[Information supplied]
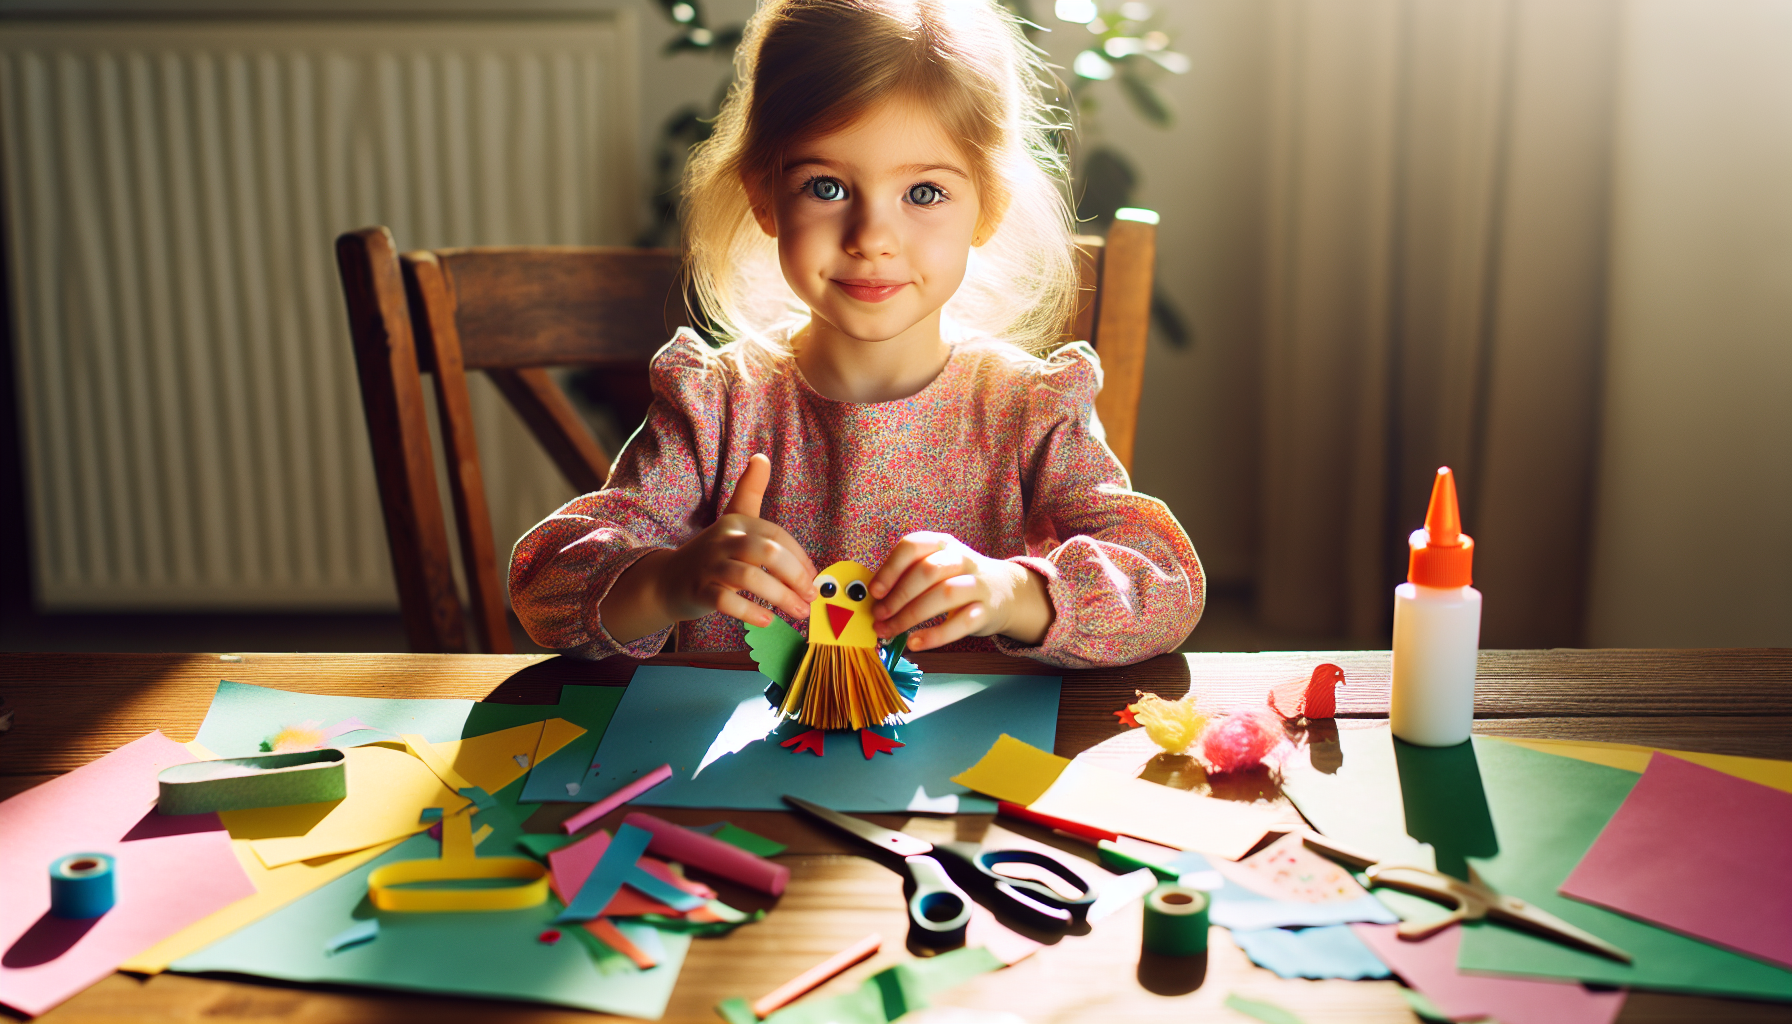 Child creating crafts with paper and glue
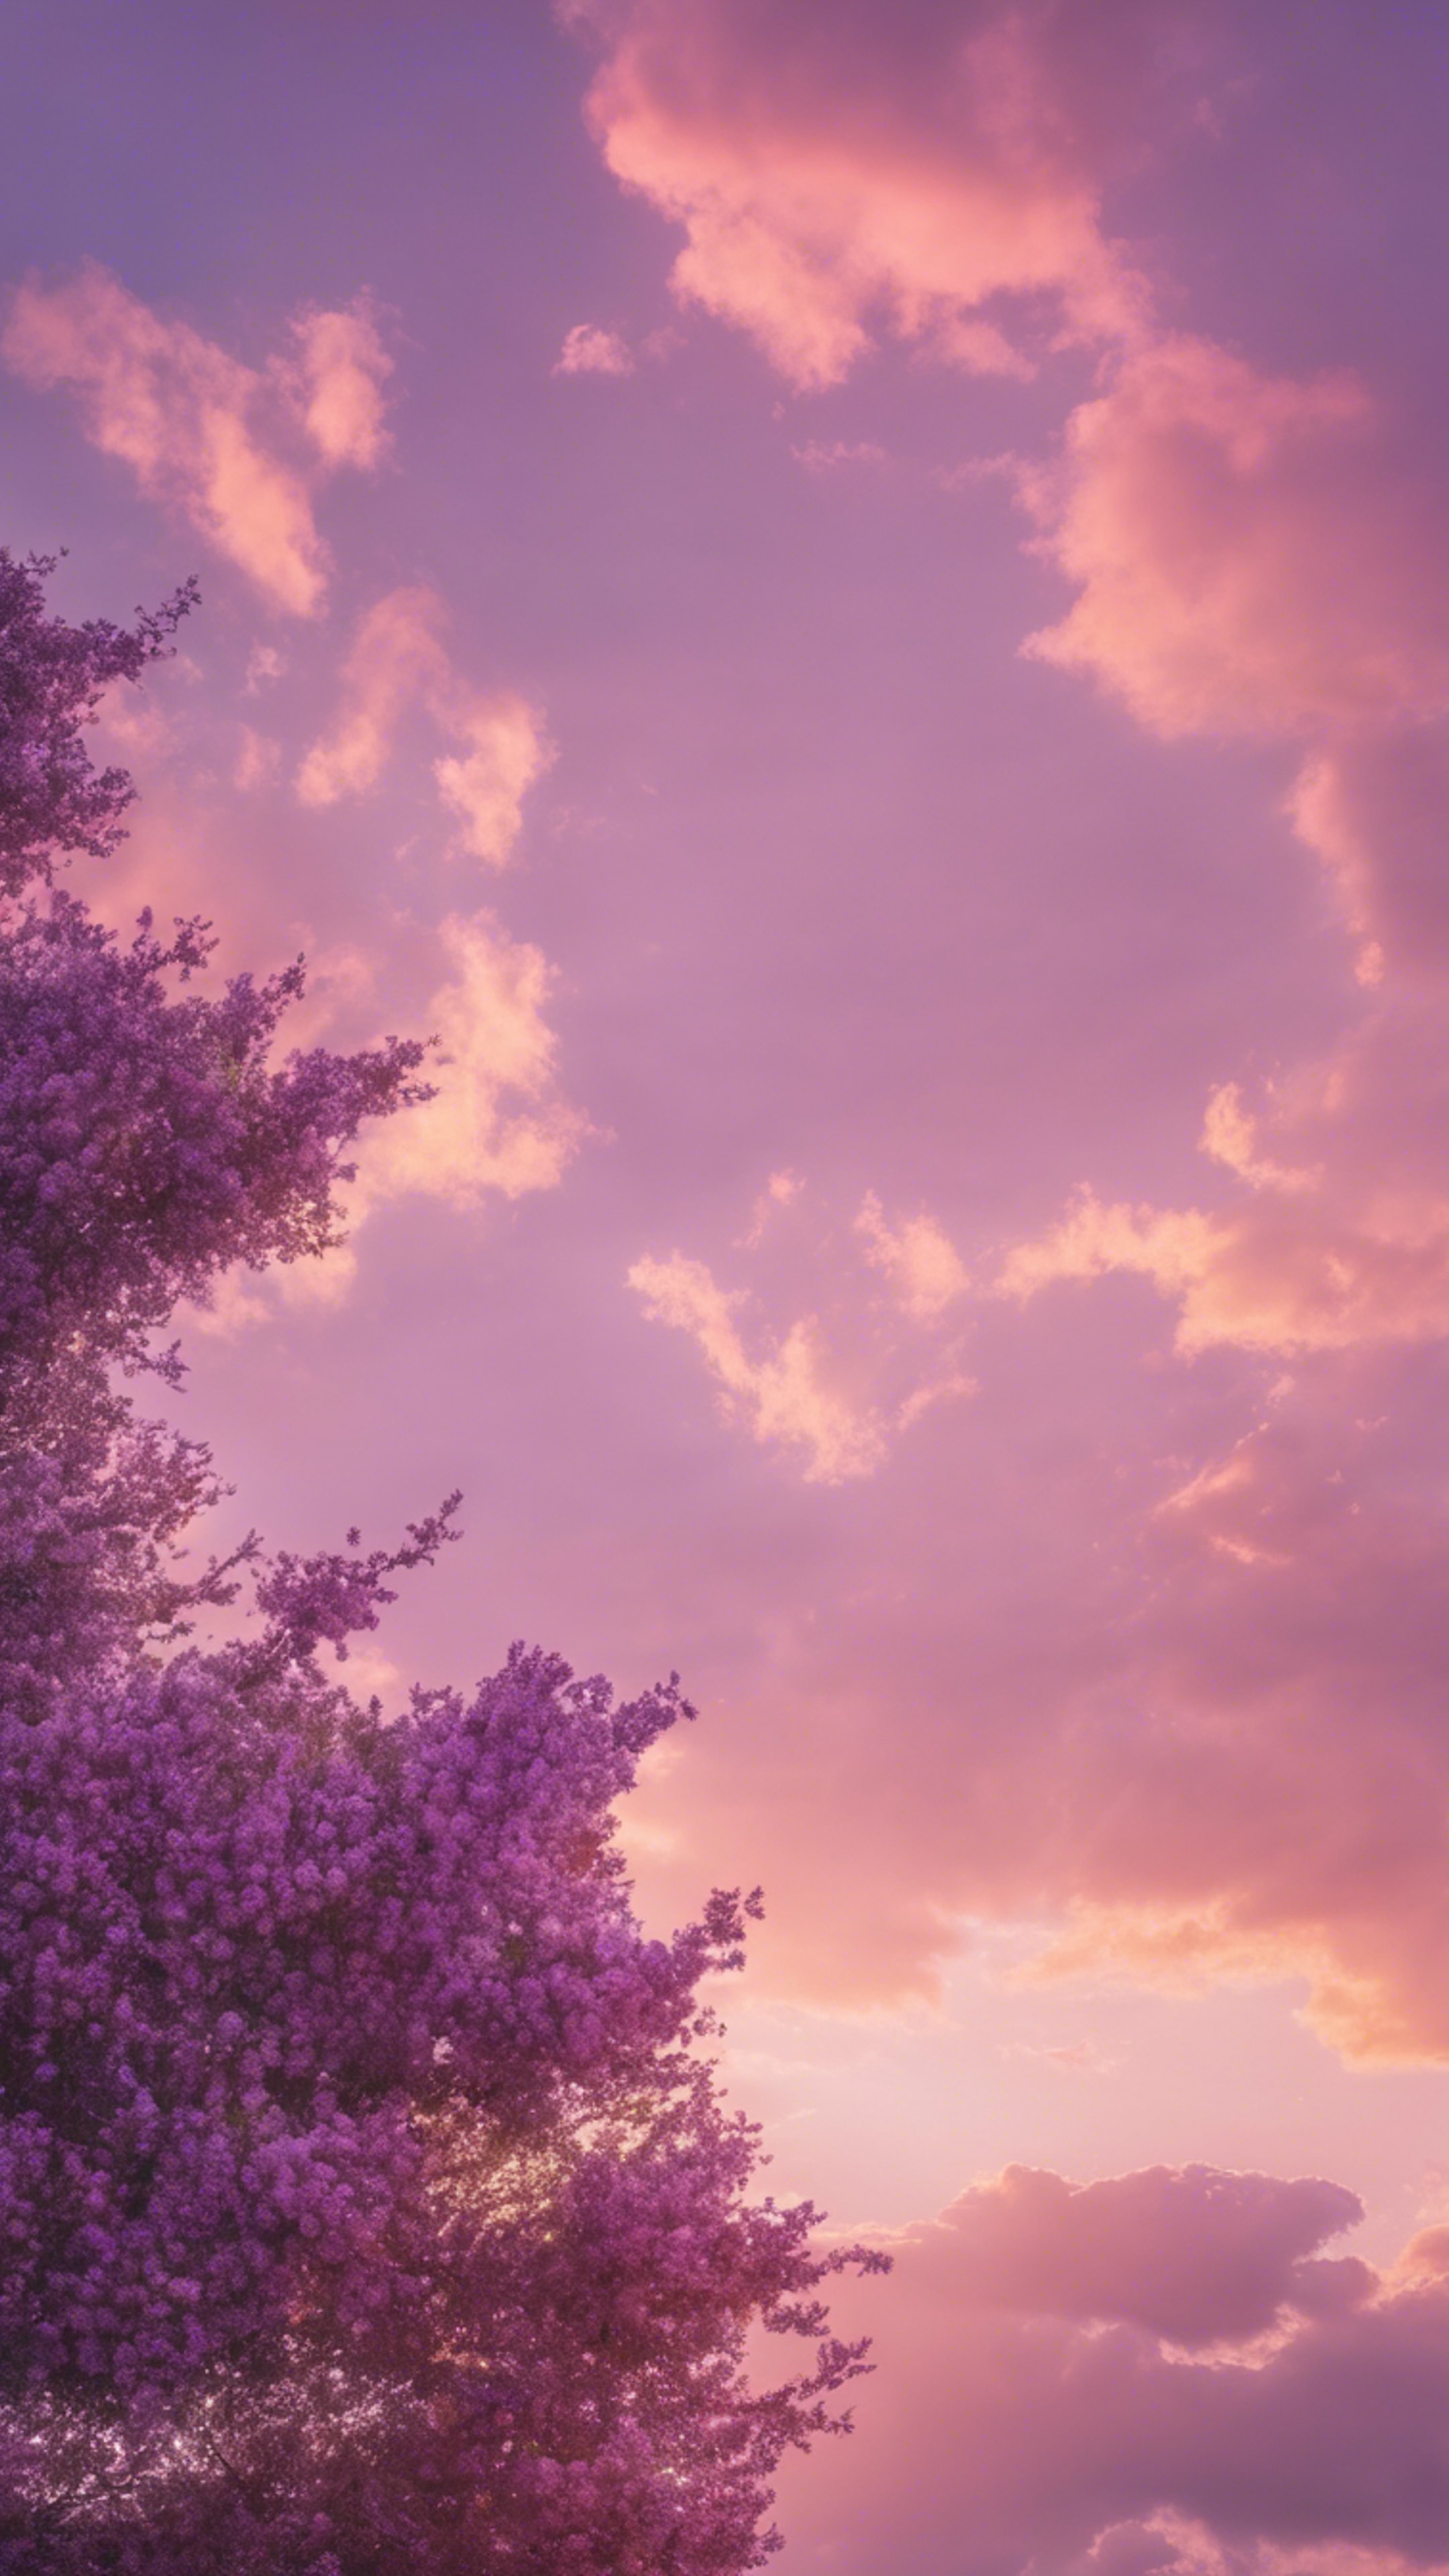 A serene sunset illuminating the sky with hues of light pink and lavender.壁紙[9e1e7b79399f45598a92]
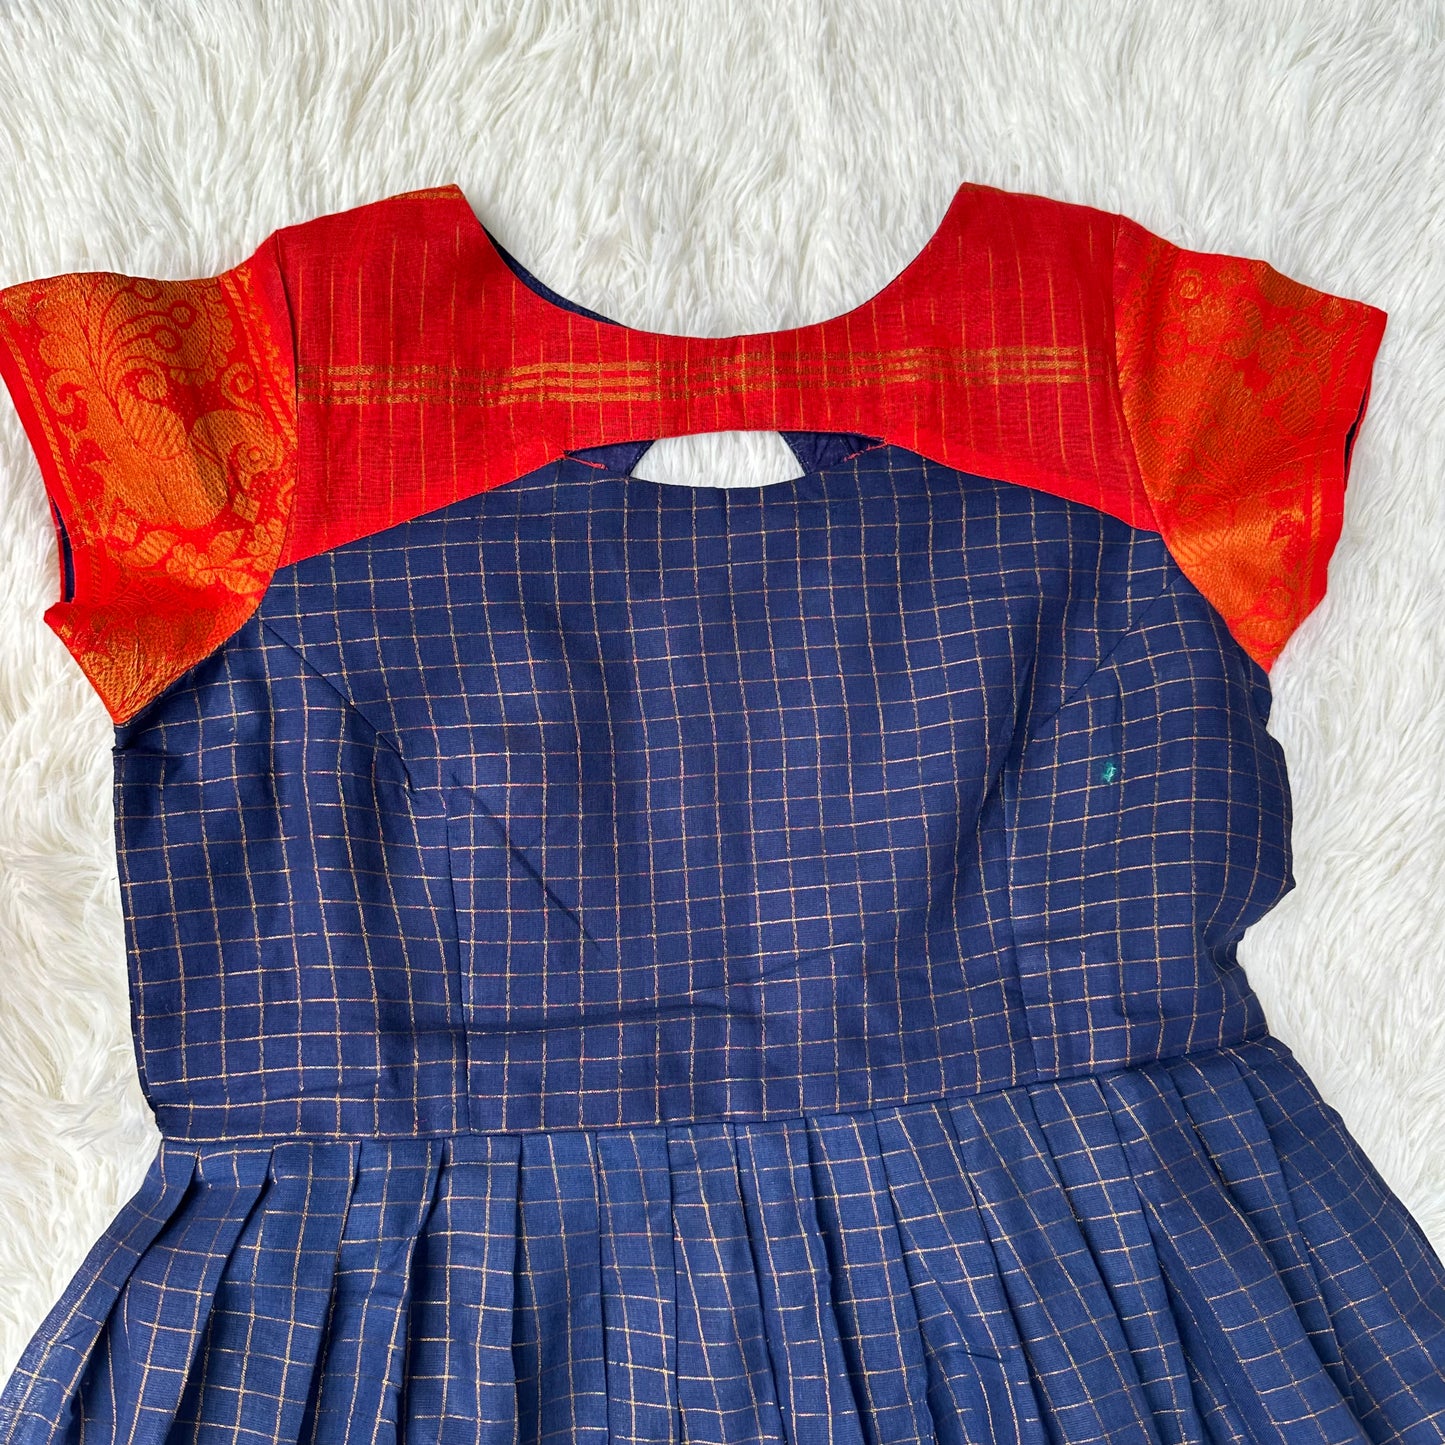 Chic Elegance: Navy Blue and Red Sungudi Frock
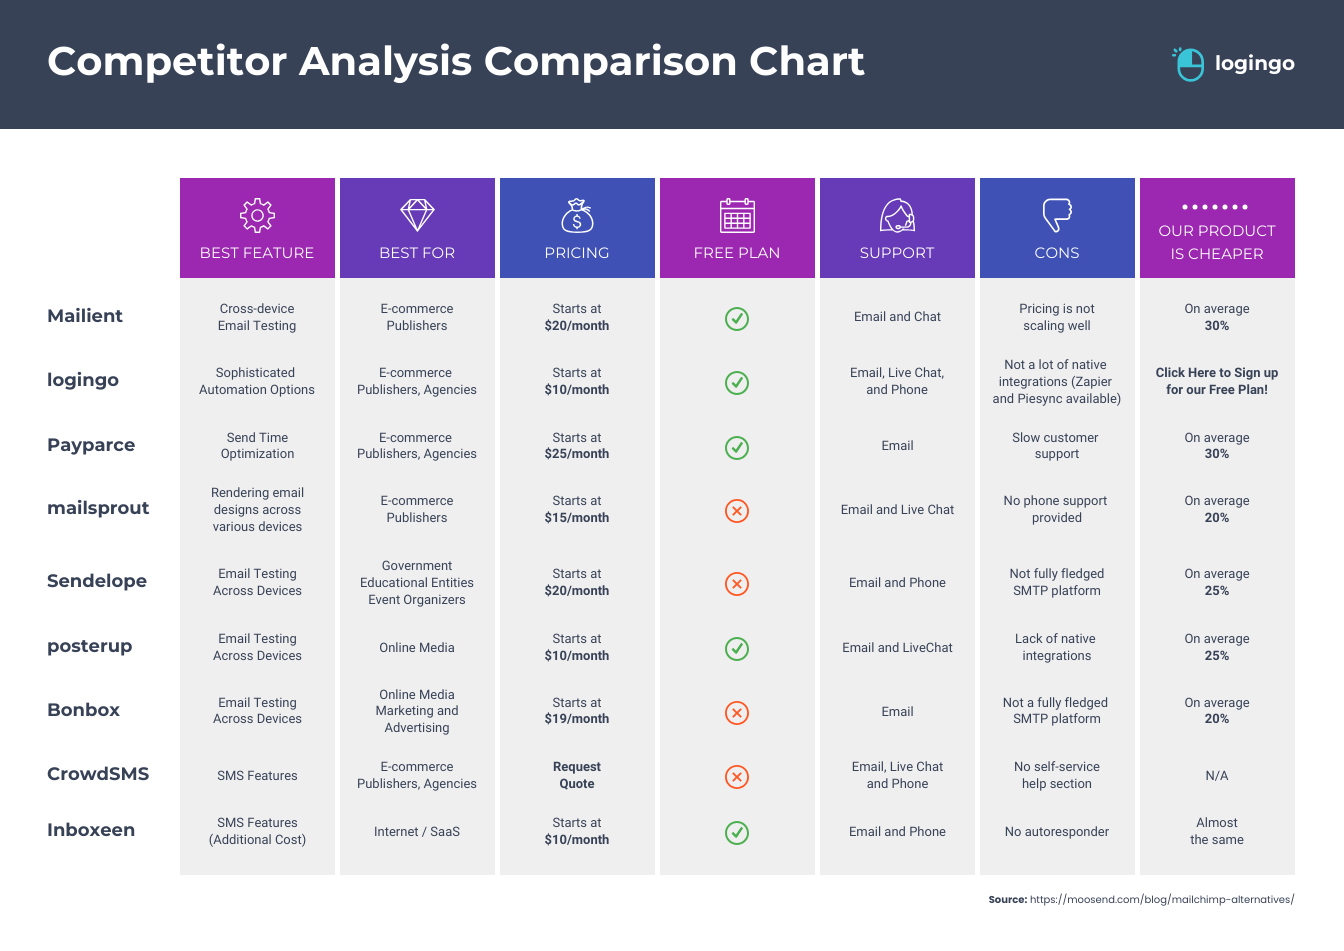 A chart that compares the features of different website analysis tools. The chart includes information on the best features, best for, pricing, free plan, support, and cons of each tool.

[Activity]
Render the data above verbatim and without pictures.

[Answer to this problem]
 Child creating crafts with paper and glue
 A serene sunset illuminating the sky with hues of light pink and lavender.壁紙[9e1e7b79399f45598a92]
 Chic Elegance: Navy Blue and Red Sungudi Frock
 A chart that compares the features of different website analysis tools. The chart includes information on the best features, best for, pricing, free plan, support, and cons of each tool.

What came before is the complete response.